Assad’s Western foes are already reluctant to commit to

intervention in Syria or military support for the rebels, who

include al Qaeda-linked groups equally hostile to the United

States and Europe as they are to the Syrian president.

Closer to Syria, Assad’s enemies are less constrained.

Sunni Muslims from the Lebanese port of Tripoli cross into

Syria to fight Assad while their city itself has endured a week

of fighting in which 25 people have been killed, showing how

Syria’s neighbours can simultaneously suffer from the spread of

its conflict and further fuel the fighting within its borders.

“When Hezbollah sent fighters to Syria and occupied Sunni

villages, that provoked the Sunnis,” said Sunni Muslim preacher

Sheikh Salem Rafei, referring to the area around the Syrian

border town of Qusair where Hezbollah fighters and the Syrian

army are waging a week-long assault to drive out rebels.

“Our brothers in Qusair appealed for our help, so it was our

duty to call on those who could do so to perform jihad to

support them,” Rafei told Reuters in Tripoli.

Banners in a Tripoli square celebrating the “martyrdom” of

local fighter Ahmad al-Shihab in Qusair highlight how the two

towns are effectively twin battlegrounds in the same war.

“There’s no doubt that what is happening in Tripoli is an echo

of what is happening in Syria, especially Qusair,” Rafei said.

LEAVE LEBANON OUT

Both Rafei and Nasrallah urged Lebanese fighters to keep

their battle within Syria, reflecting near universal anxiety in

Lebanon to avoid a repeat of its ruinous 1975-1990 civil war.

“Those who want victory for the Syrian regime and those who

want victory for the opposition should go and fight in Syria

instead.

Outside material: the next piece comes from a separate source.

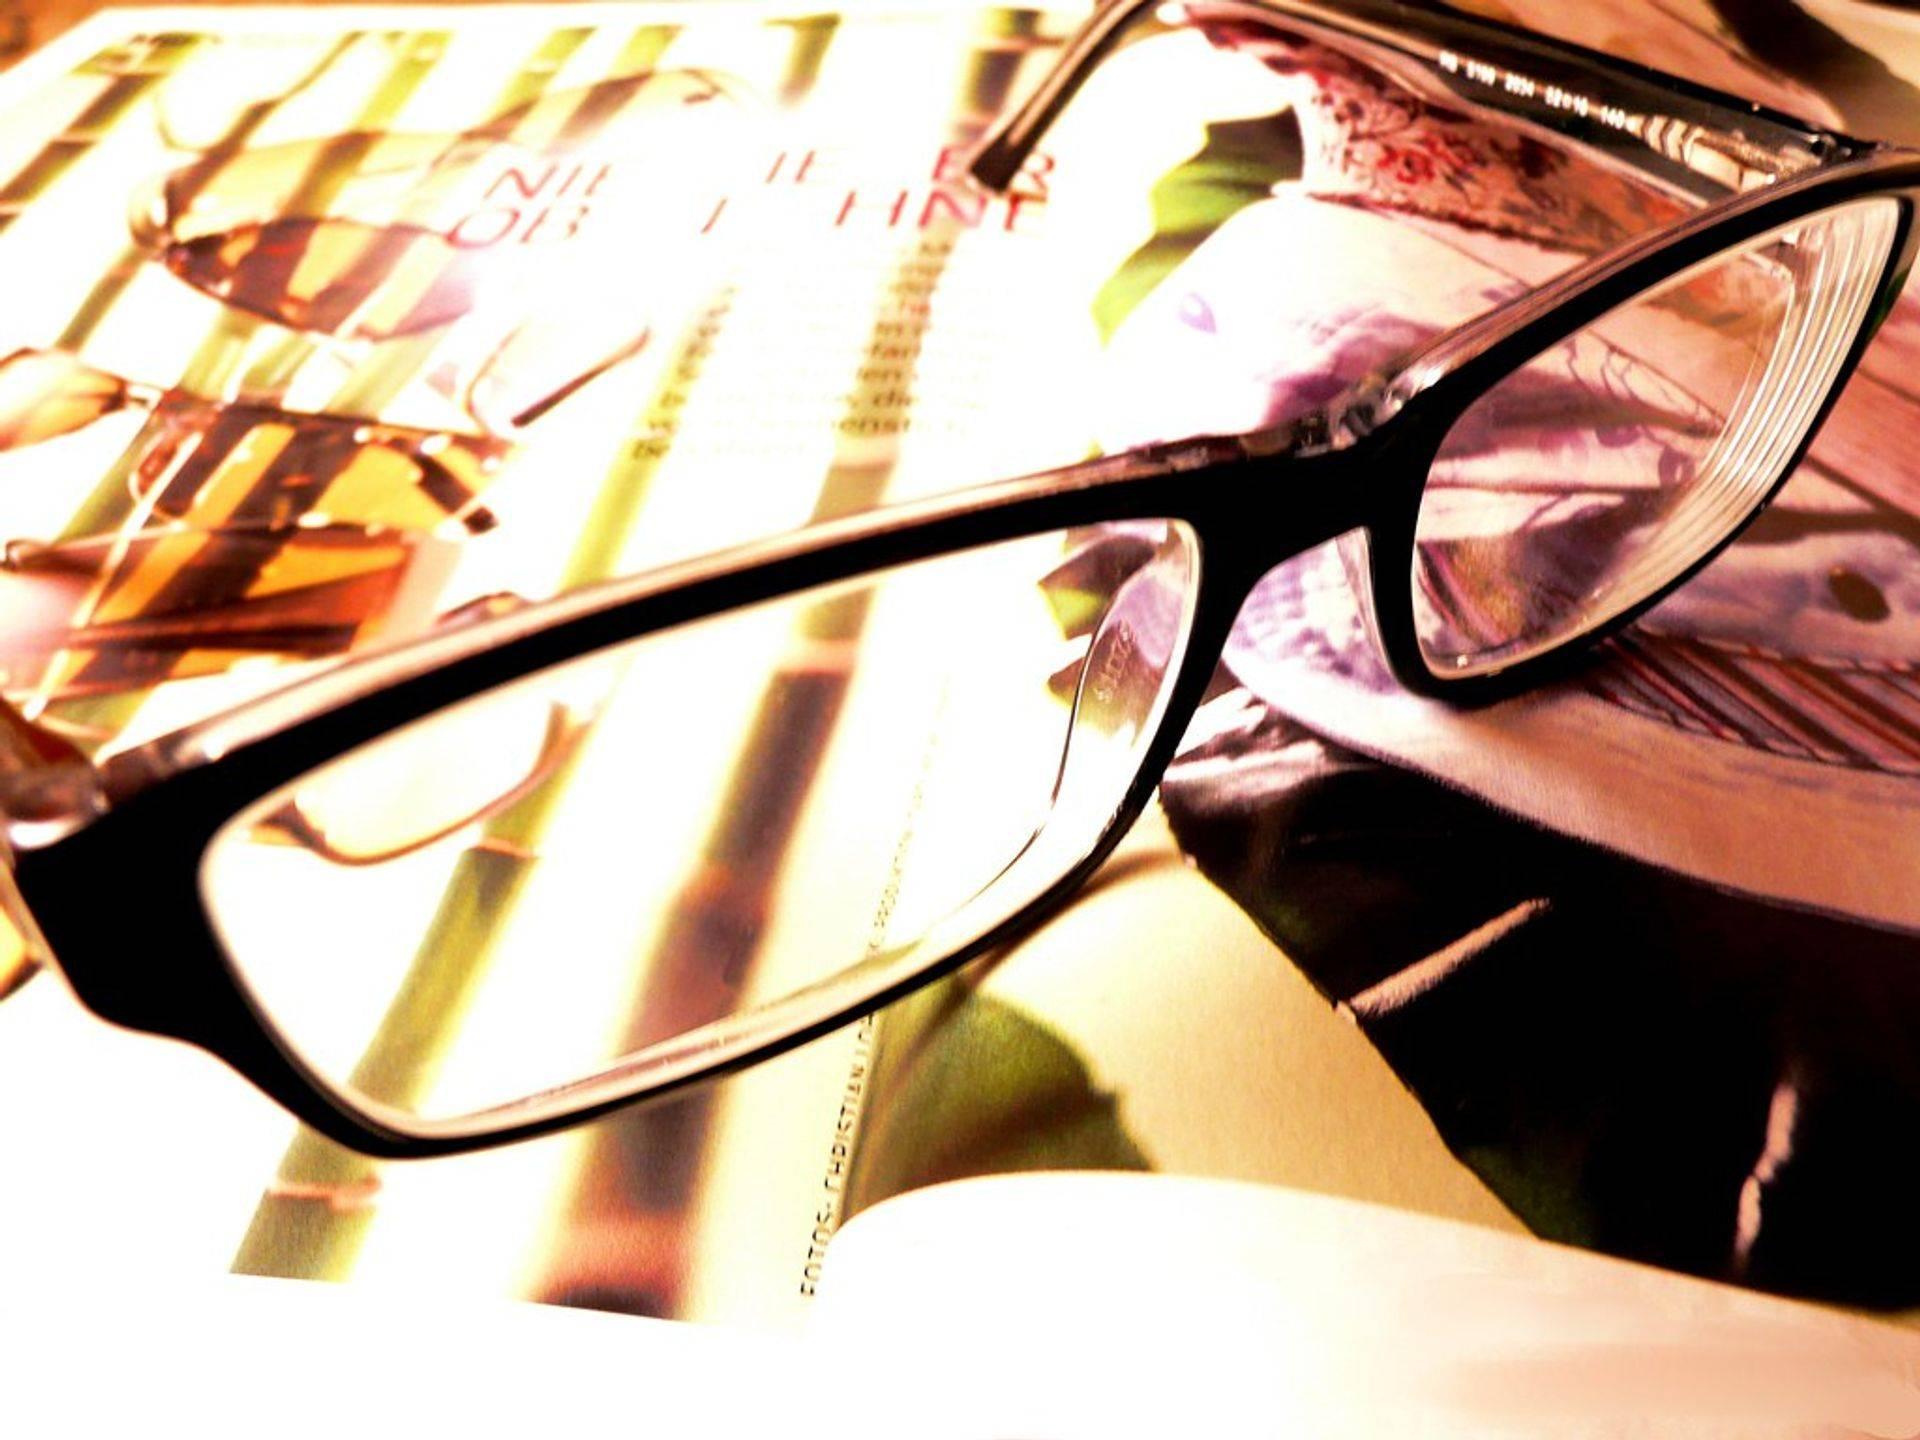 eye doctor optometrist

Leave Tripoli to itself,” Nasrallah said on Saturday.

Lebanon, a Mediterranean state of 4 million people, made up

of a mosaic of Christian, Sunni and Shi’ite Muslim sects, is

struggling to cope with an estimated million Syrians including

refugees, labourers and their families.

Still saddled with a heavy debt burden from its post-war

reconstruction and suffering a sharp slowdown in economic

growth, Lebanon is also in political limbo after the resignation

of Prime Minister Najib Mikati two months ago.

Mikati’s successor, Tammam Salam, has so far failed to form

a new government and squabbling over a parliamentary electoral

law means next month’s election will be delayed – threatening

the country with political vacuum.

Druze leader Walid Jumblatt said on Sunday parliament should

be extended for at least a year, since political stability was a

priority if Lebanon was to overcome its security challenges.

“There is still some minimal level of commitment by the

mainstream Sunni Muslim, Shi’ite Muslim and Christian parties

not to let Lebanon become a battleground,” Kamel said. “But this

has become a regional conflict, so the risk of uncalculated

scenarios has gone up.”

For now, Hezbollah’s unquestioned military ascendancy in

Lebanon itself means that the group which fought Israel to a

standstill in a 34-day war seven years ago is unlikely to face a

sustained challenge from domestic rivals.

But its deepening war in Syria may prove more challenging

than anything it faced in three decades fighting Israeli troops,

said Peter Harling of the International Crisis Group.

“Hezbollah will soon realise that this conflict is far

bloodier than anything it has seen before. This is a very deadly

conflict. If they go all in, they will have huge losses”.